## [BRIEF]
Return the stretch from the line with "Кроссовки Tretorn Nylite" through the line with "aurora cruiser i Saint-Petersburg foto" in the data below, character for character, skipping all pictures.

## [DATASET EXCERPTS]
---+---
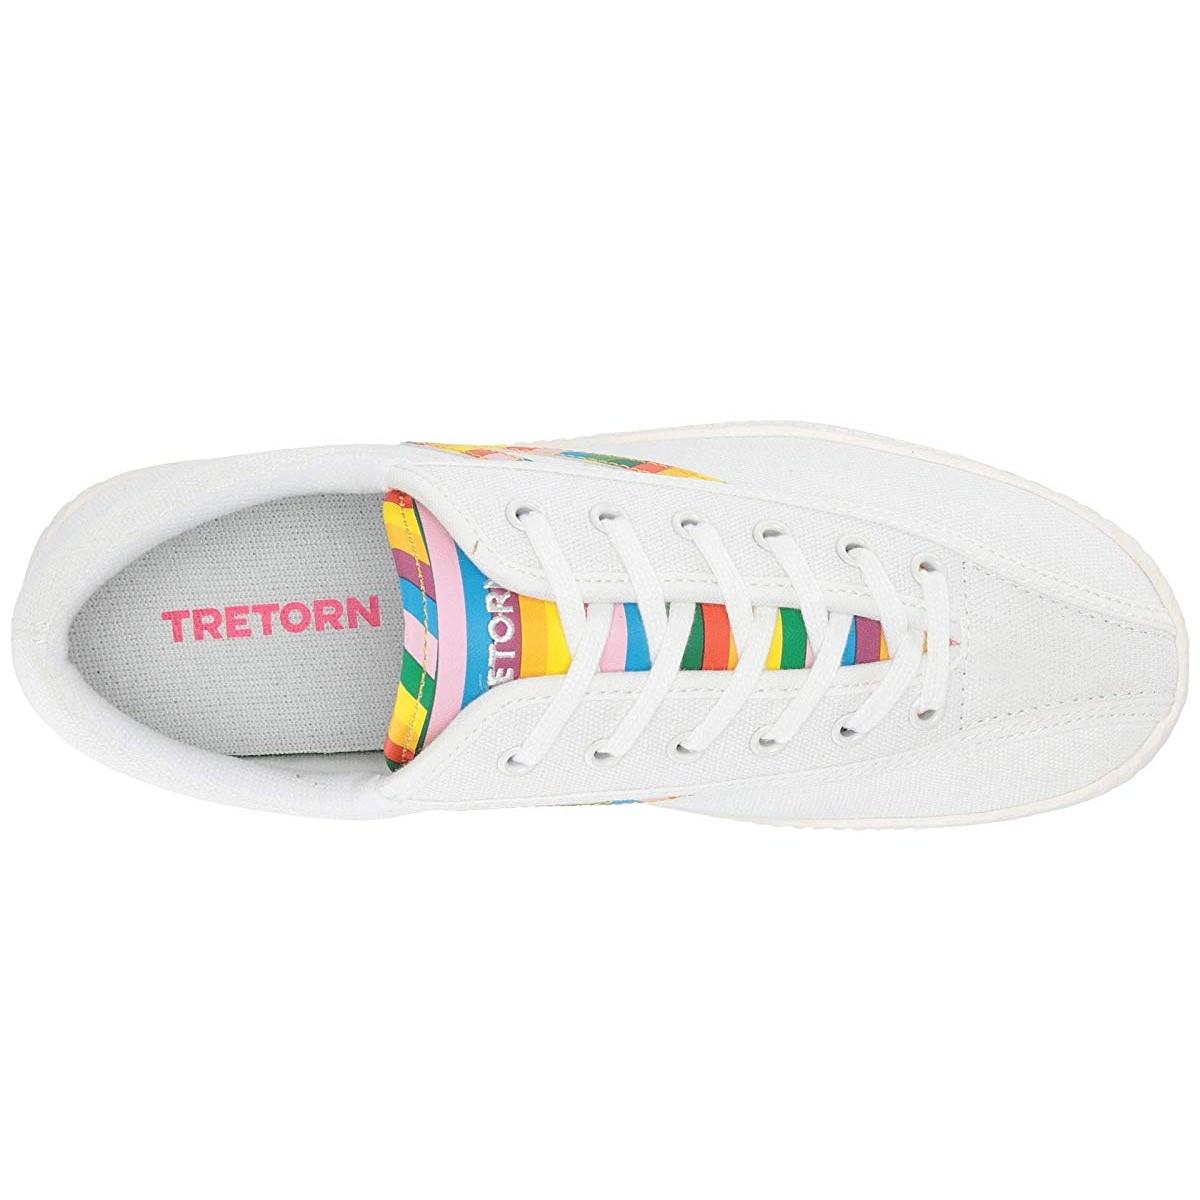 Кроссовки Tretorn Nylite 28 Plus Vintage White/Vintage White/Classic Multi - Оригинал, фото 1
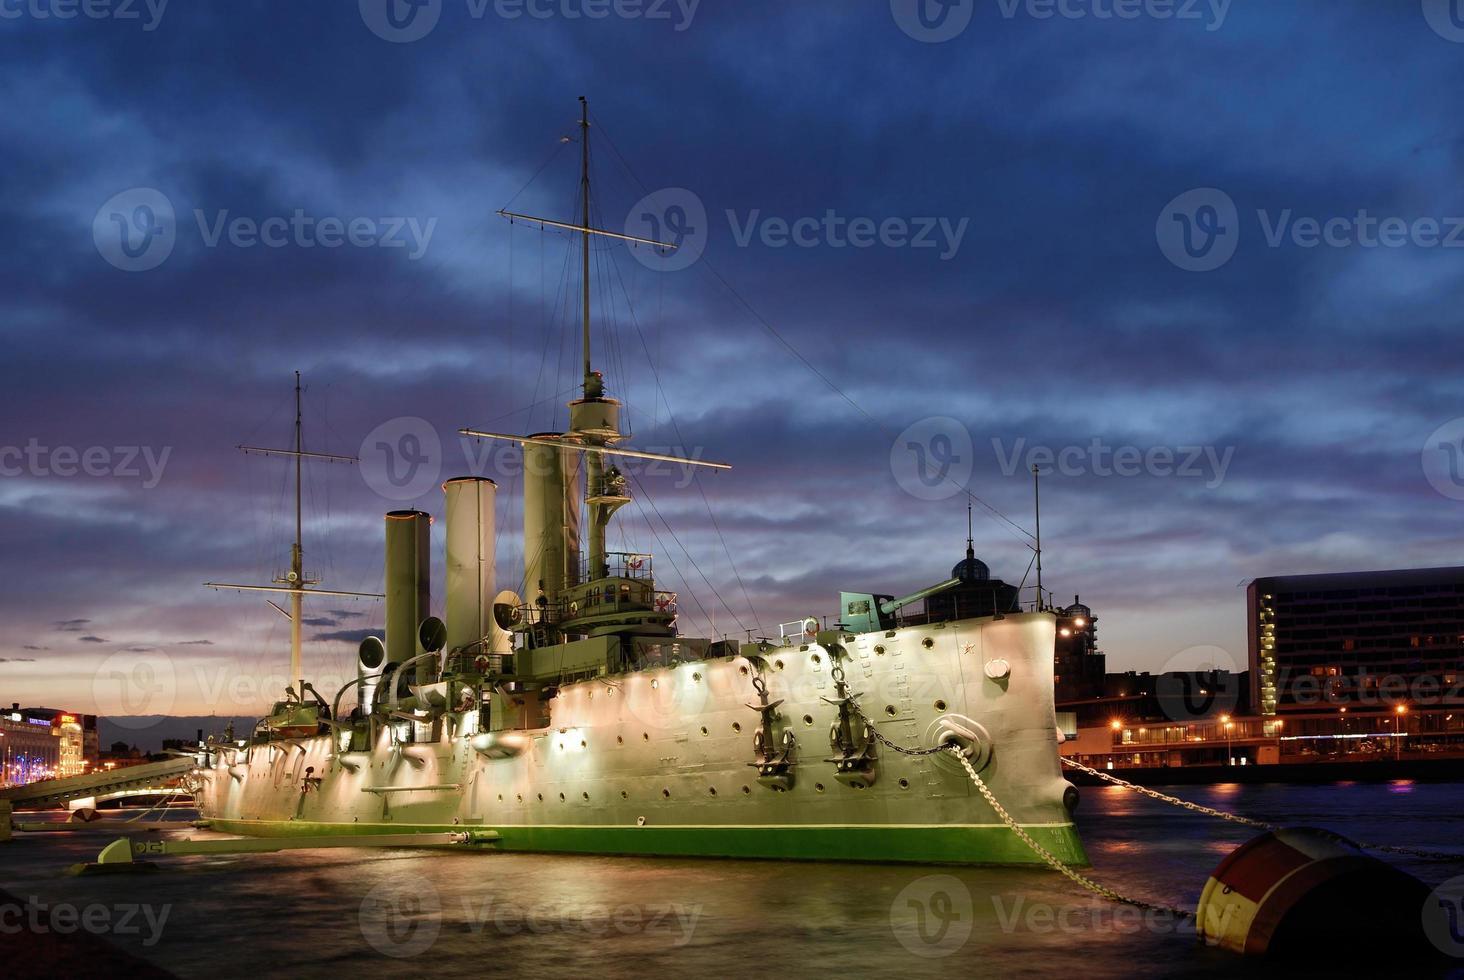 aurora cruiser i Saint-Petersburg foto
---+---
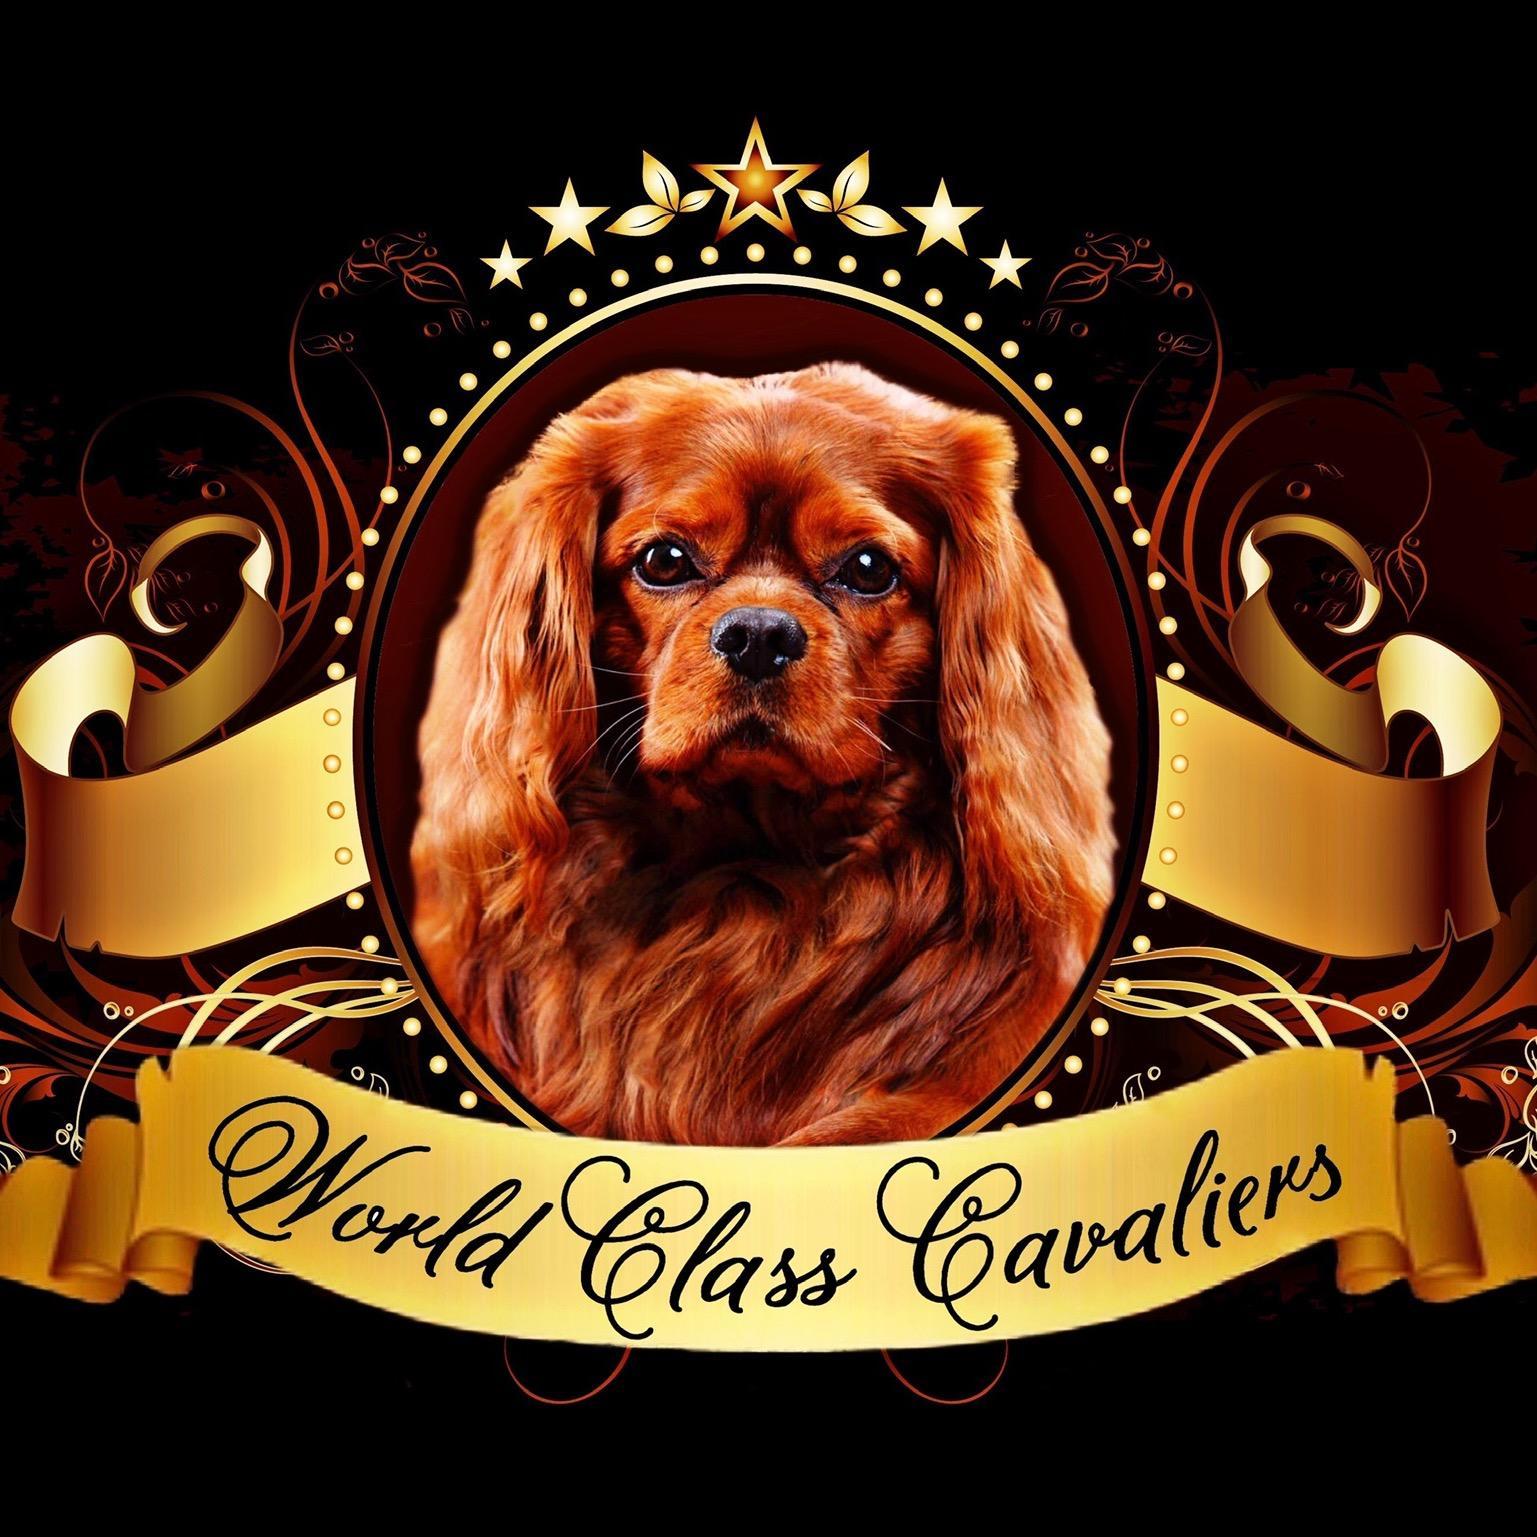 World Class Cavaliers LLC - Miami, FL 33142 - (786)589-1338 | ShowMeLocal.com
---+---
## [RESULT FOR THIS TASK]
 Кроссовки Tretorn Nylite 28 Plus Vintage White/Vintage White/Classic Multi - Оригинал, фото 1
 aurora cruiser i Saint-Petersburg foto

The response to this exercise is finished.